The advantage of this method is that recursive CTEs are not needed, so it should be faster. (Of course, this is not an advantage if the OP does not agree with the definition.)
The basic idea is to look at the previous date/time value; if it is more than 8 seconds away, then add a flag. The cumulative sum of the flag is the row number you are looking for.
select t.*,
sum(case when prev_dt >= dateandtime - interval '8' second
then 0 else 1
end) over (partition by customerid order by dateandtime
) as row_number
from (select t.*,
max(dateandtime) over (partition by customerid order by dateandtime row between 1 preceding and 1 preceding) as prev_dt
from t
) t;
Using Teradata's PERIOD data type and the awesome td_normalize_overlap_meet:
Consider table test32:
SELECT * FROM test32
+----+----+------------------------+
| f1 | f2 | f3 |
+----+----+------------------------+
| 1 | 2 | 2017-05-11 03:59:00 PM |
| 1 | 3 | 2017-05-11 03:59:01 PM |
| 1 | 4 | 2017-05-11 03:58:58 PM |
| 1 | 5 | 2017-05-11 03:59:26 PM |
| 1 | 2 | 2017-05-11 03:59:28 PM |
| 1 | 2 | 2017-05-11 03:59:46 PM |
+----+----+------------------------+
The following will group your records:
WITH
normalizedCTE AS
(
SELECT *
FROM TABLE
(
td_normalize_overlap_meet(NEW VARIANT_TYPE(periodCTE.f1), periodCTE.fper)

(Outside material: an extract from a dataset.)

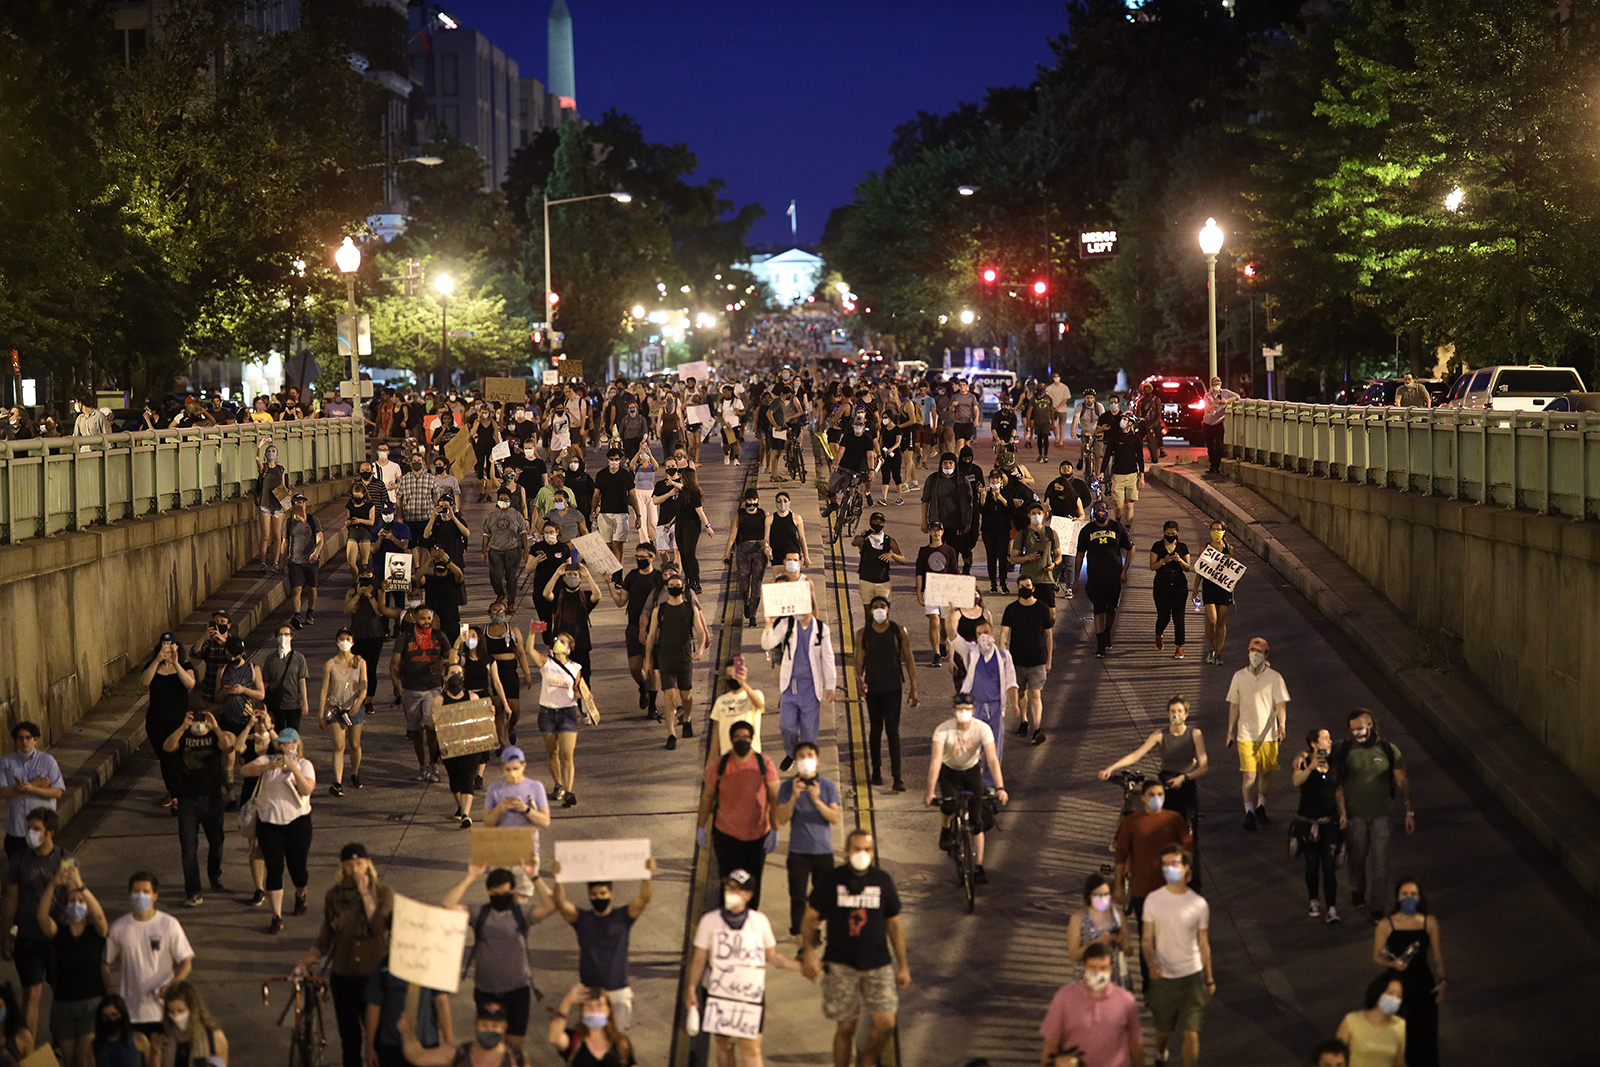 Demonstrators march away from the White House during a peaceful protest against police brutality and the death of George Floyd, on June 3, in Washington, DC.

RETURNS (f1 integer, fper PERIOD(TIMESTAMP(0)), recordCount integer)
HASH BY f1
LOCAL ORDER BY f1, fper
) as output(f1, fper, recordcount)
),
periodCTE AS
(
SELECT f1, f2, f3, PERIOD(f3, f3 + INTERVAL '9' SECOND) as fper FROM test32
)
SELECT t2.f1, t2.f2, t2.f3, t1.fper, DENSE_RANK() OVER (PARTITION BY t2.f1 ORDER BY t1.fper) as fgroup
FROM normalizedCTE t1
INNER JOIN periodCTE t2 ON
t1.fper P_INTERSECT t2.fper IS NOT NULL
Results:
+----+----+------------------------+-------------+
| f1 | f2 | f3 | fgroup |
+----+----+------------------------+-------------+
| 1 | 2 | 2017-05-11 03:59:00 PM | 1 |
| 1 | 3 | 2017-05-11 03:59:01 PM | 1 |
| 1 | 4 | 2017-05-11 03:58:58 PM | 1 |
| 1 | 5 | 2017-05-11 03:59:26 PM | 2 |
| 1 | 2 | 2017-05-11 03:59:28 PM | 2 |
| 1 | 2 | 2017-05-11 03:59:46 PM | 3 |
+----+----+------------------------+-------------+
A Period in Teradata is a special data type that holds a date or datetime range. The first parameter is the start of the range and the second is the ending time (up to, but not including which is why it's "+ 9 seconds"). The result is that we get a 8 second time "Period" where each record might "intersect" with another record.
We then use td_normalize_overlap_meet to merge records that intersect, sharing the f1 field's value as the key. In your case that would be customerid. The result is three records for this one customer since we have three groups that "overlap" or "meet" each other's time periods.
We then join the td_normalize_overlap_meet output with the output from when we determined the periods. We use the P_INTERSECT function to see which periods from the normalized CTE INTERSECT with the periods from the initial Period CTE. From the result of that P_INTERSECT join we grab the values we need from each CTE.
Lastly, Dense_Rank() gives us a rank based on the normalized period for each group.